HOW TO COMPLETE THIS TASK: While you copy the lines below, skip the pictures and keep the rest exact.

PROVIDED MATERIAL:
————

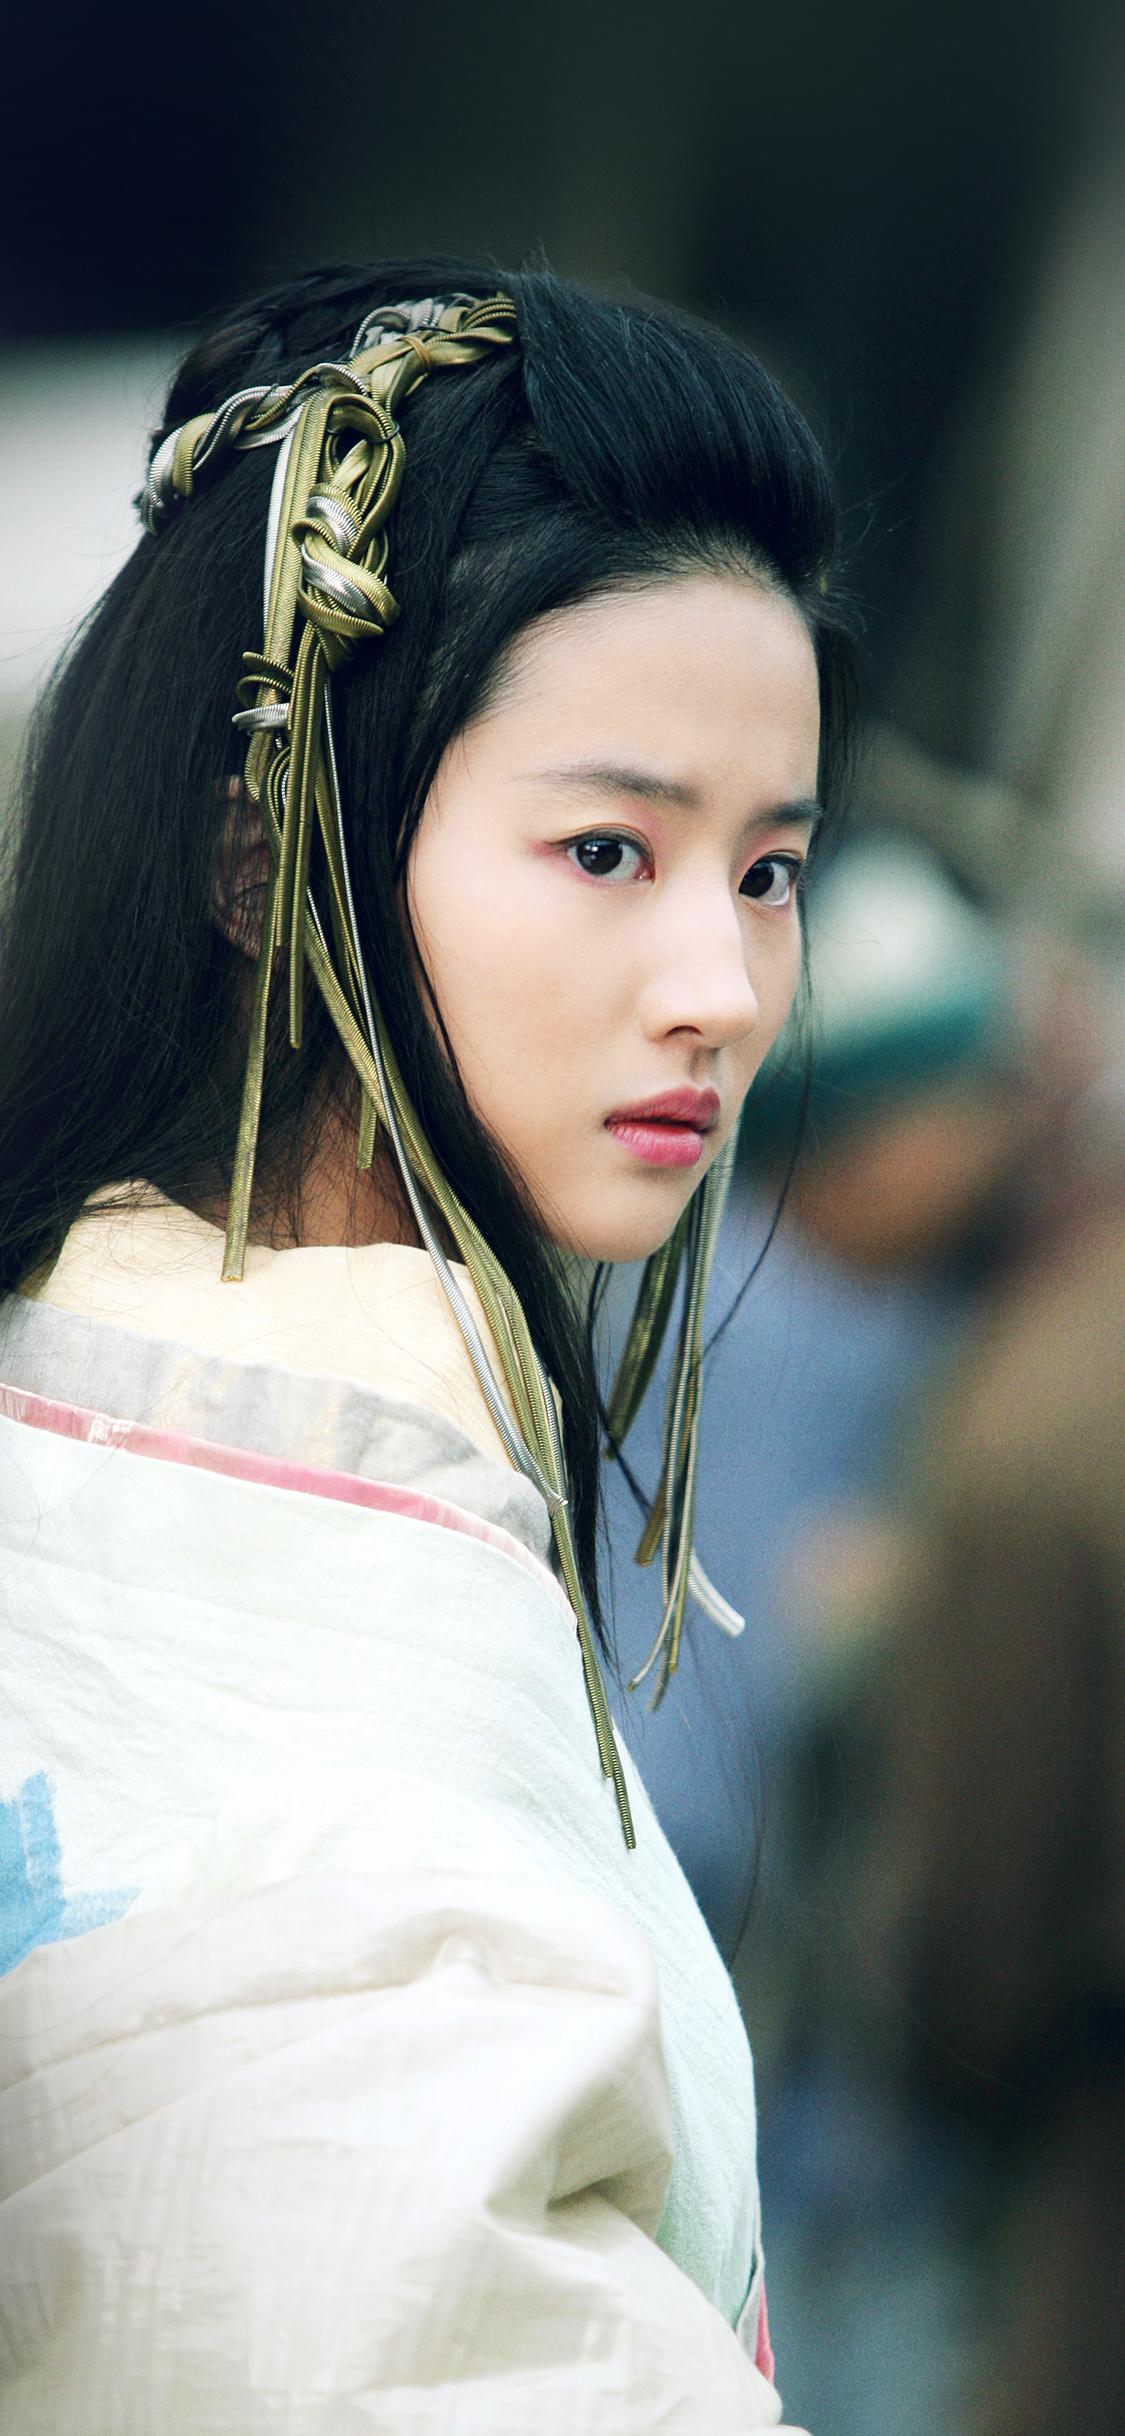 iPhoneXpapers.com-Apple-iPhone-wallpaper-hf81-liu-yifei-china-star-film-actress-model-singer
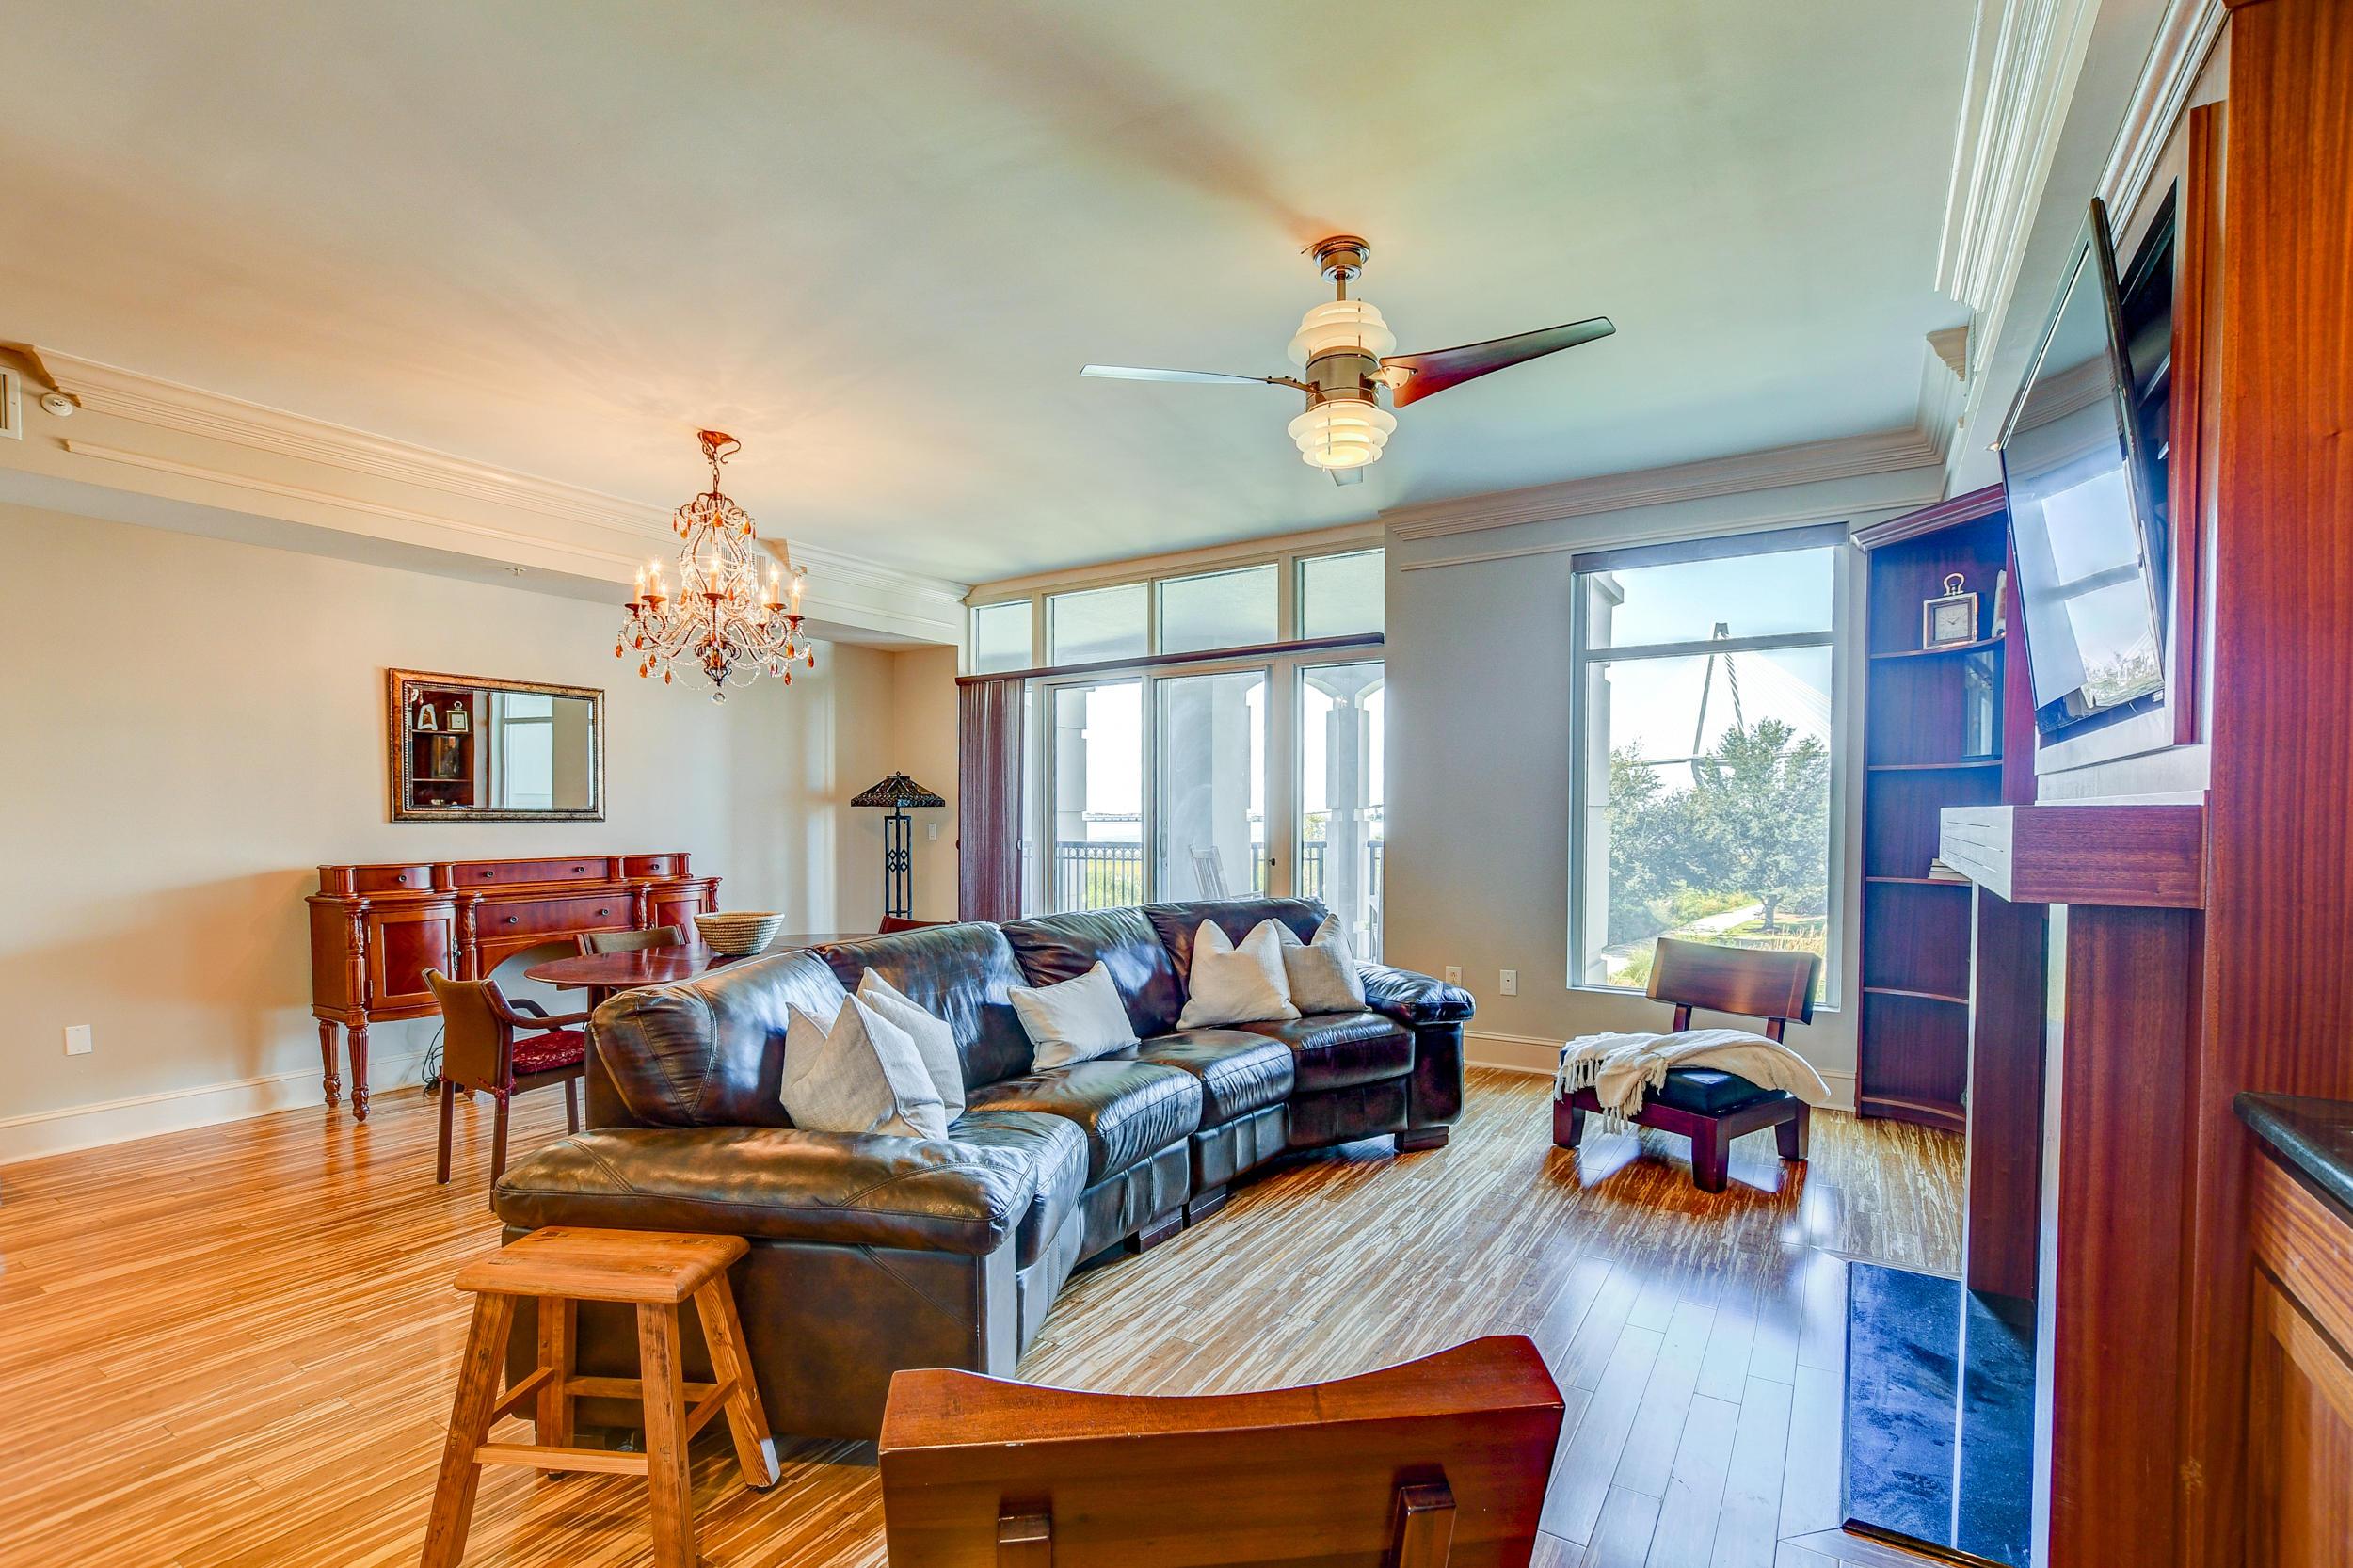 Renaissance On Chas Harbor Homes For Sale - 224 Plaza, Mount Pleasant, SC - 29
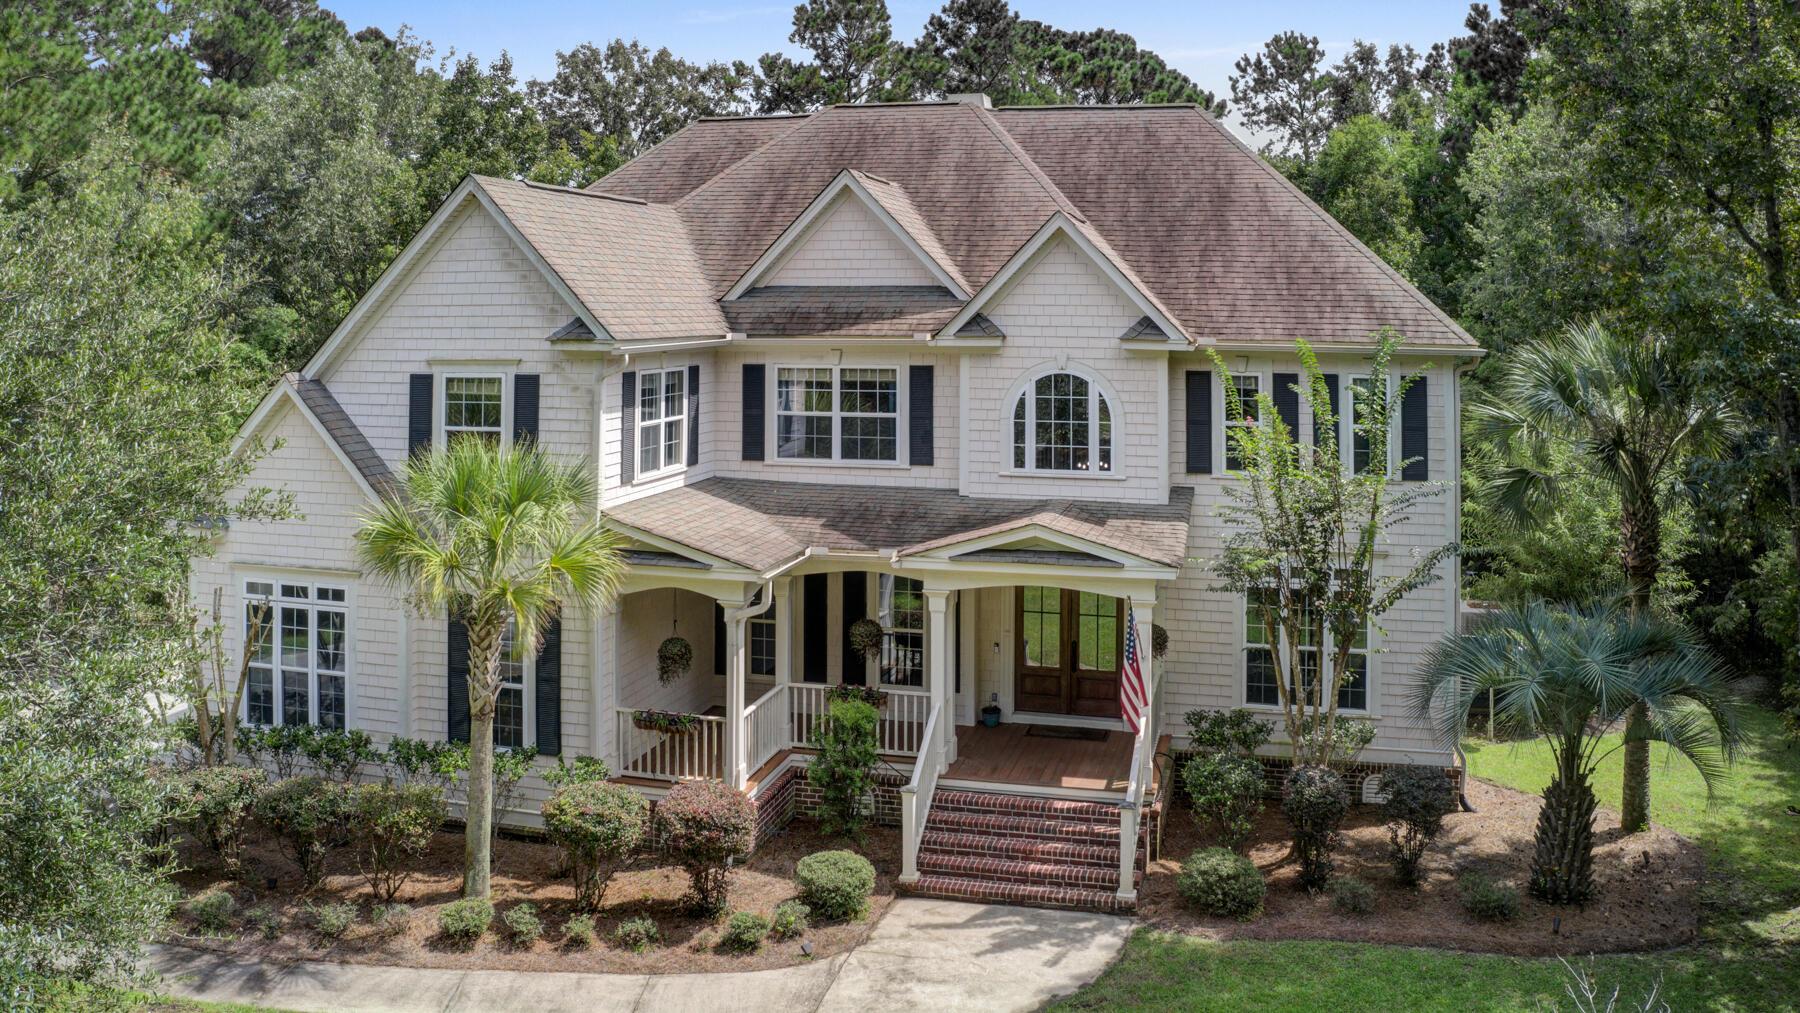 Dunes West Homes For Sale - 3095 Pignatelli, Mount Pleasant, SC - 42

————

TASK RESULT:
 iPhoneXpapers.com-Apple-iPhone-wallpaper-hf81-liu-yifei-china-star-film-actress-model-singer
 Renaissance On Chas Harbor Homes For Sale - 224 Plaza, Mount Pleasant, SC - 29
 Dunes West Homes For Sale - 3095 Pignatelli, Mount Pleasant, SC - 42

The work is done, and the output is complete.